騎士による馬上槍試合決勝戦の勝敗は決した。

笛が高々と鳴り響き、勝者の紋章旗が掲げられる。

ライト伯爵家の、剣と斧が薔薇とともにデザインされた紋章旗だ。

優勝者は、ピッツァ・ライト。

ゼイレーム王国で初めて、女性騎士として馬上槍試合を優勝したんだ。


「ピッツァさん、優勝おめでとうございます!」


思わず駆けつけたわたしは、馬上で兜を脱ぎ大きく息を吐いたピッツァさんにお祝いの言葉をかける。汗まみれでも彼女は呼吸ひとつ乱れていない。体力と持続力がケタ違いなんだ。

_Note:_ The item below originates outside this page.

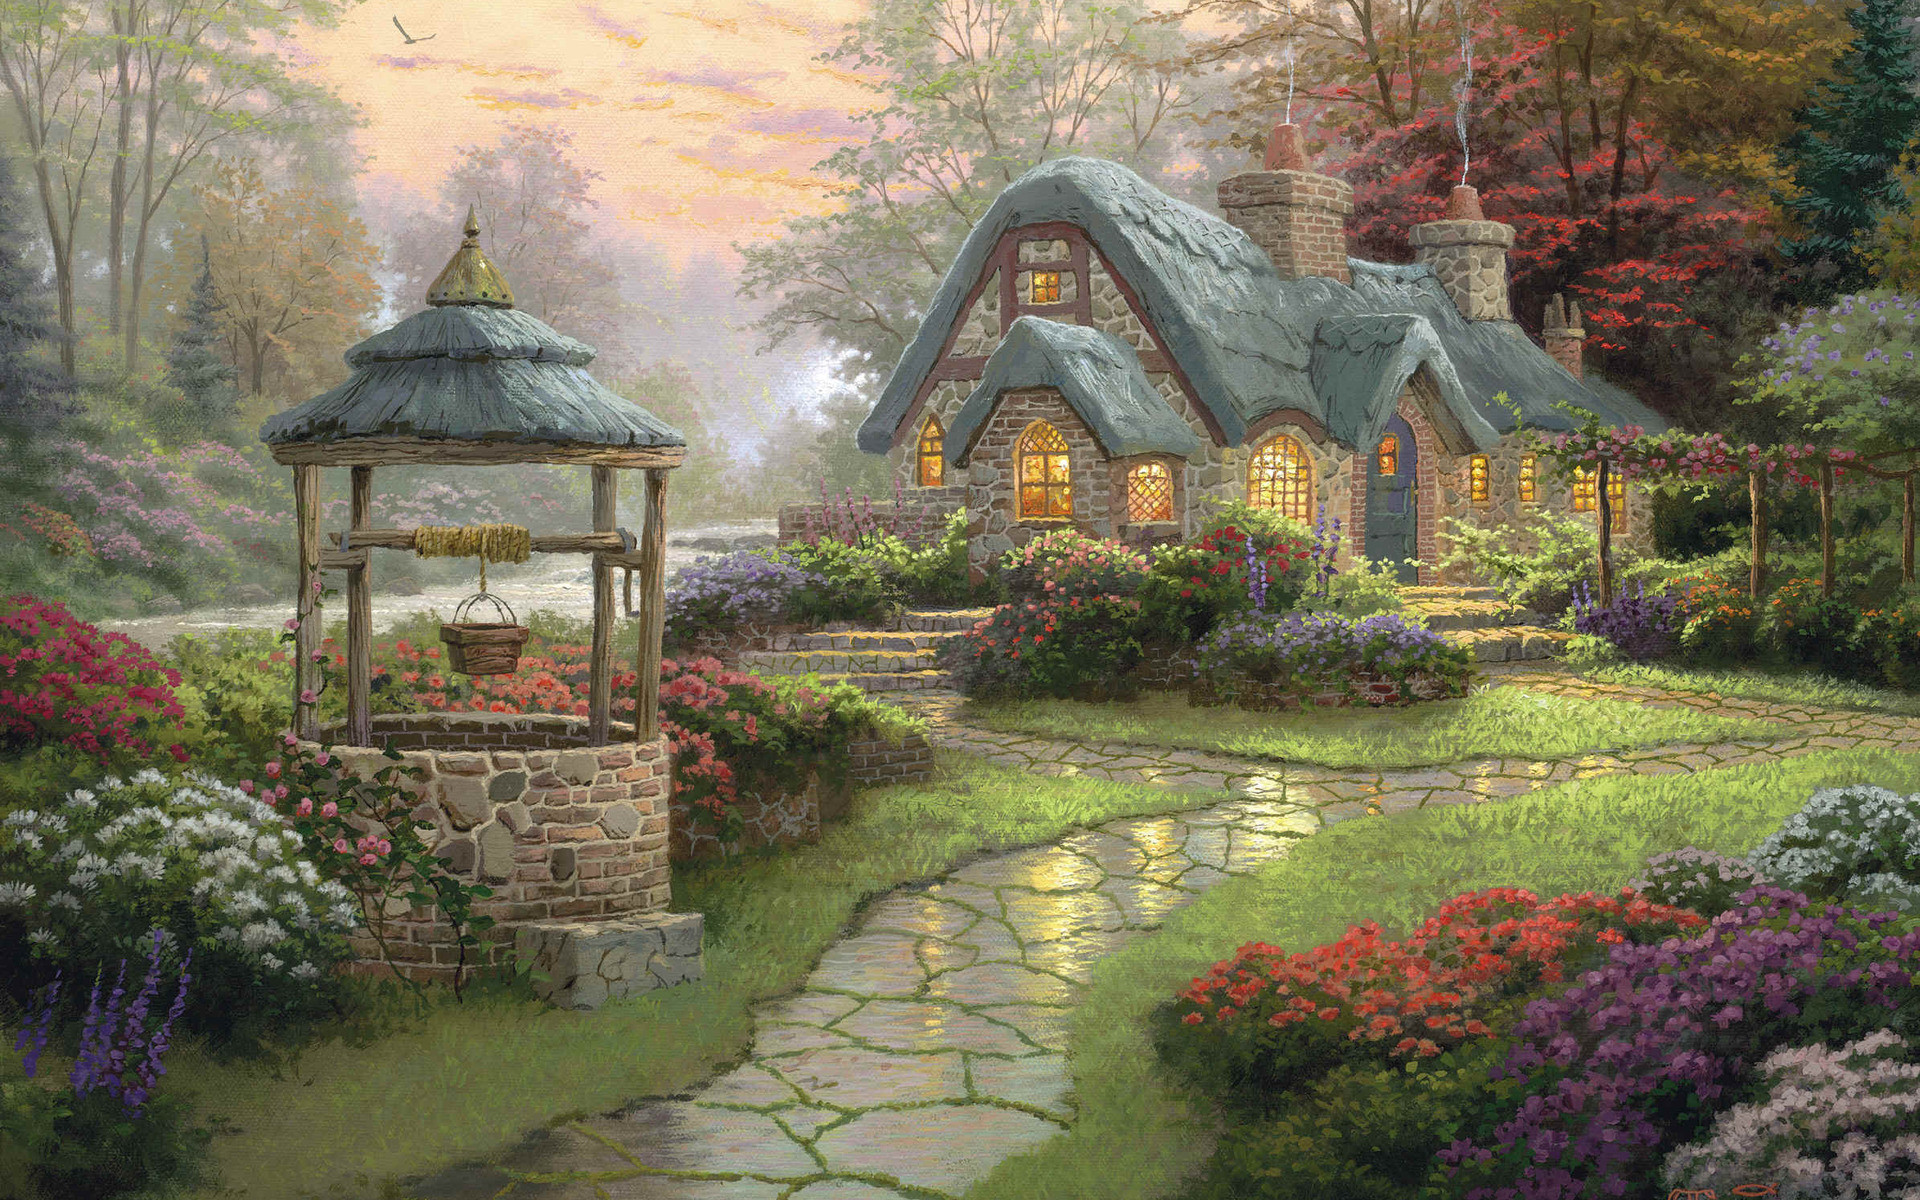 1920x1200 Thomas Kinkade HD Wallpaper - HD Wallpapers Backgrounds of Your Choice

「ああ、あんがとよ。ま、今回は最初から自信はあったからな〜」

得意げに胸を張る彼女に、戻って兜を脱いだアスター王子が苦笑い。

「確かにな。今回のピッツァはずいぶんいつもと手応えが違った。相当厳しい鍛錬を重ねたんだろう。オレも、負けるつもりはなかったが」
「まぁ、負けは負けですからねーでも、アスター王子も素晴らしい試合でしたよ。お疲れ様です」

アスター王子にぐさっととどめを刺すと、彼は胸を押さえて体を前かがみにする。

「……い、今のは……地味にダメージを受けた……ぐっ」
「あはははははは!まぁ、単にアタシが強かったってなだけだからな。気にすんな!」

ピッツァさんはバンバン!とめちゃくちゃ派手な音でアスター王子の背中を叩いていますが、鎧越しでもダメージを受けるって……どれだけ馬鹿力なんだろう。

それはともかく、ピッツァさんはわたしにぐっと親指を立てる。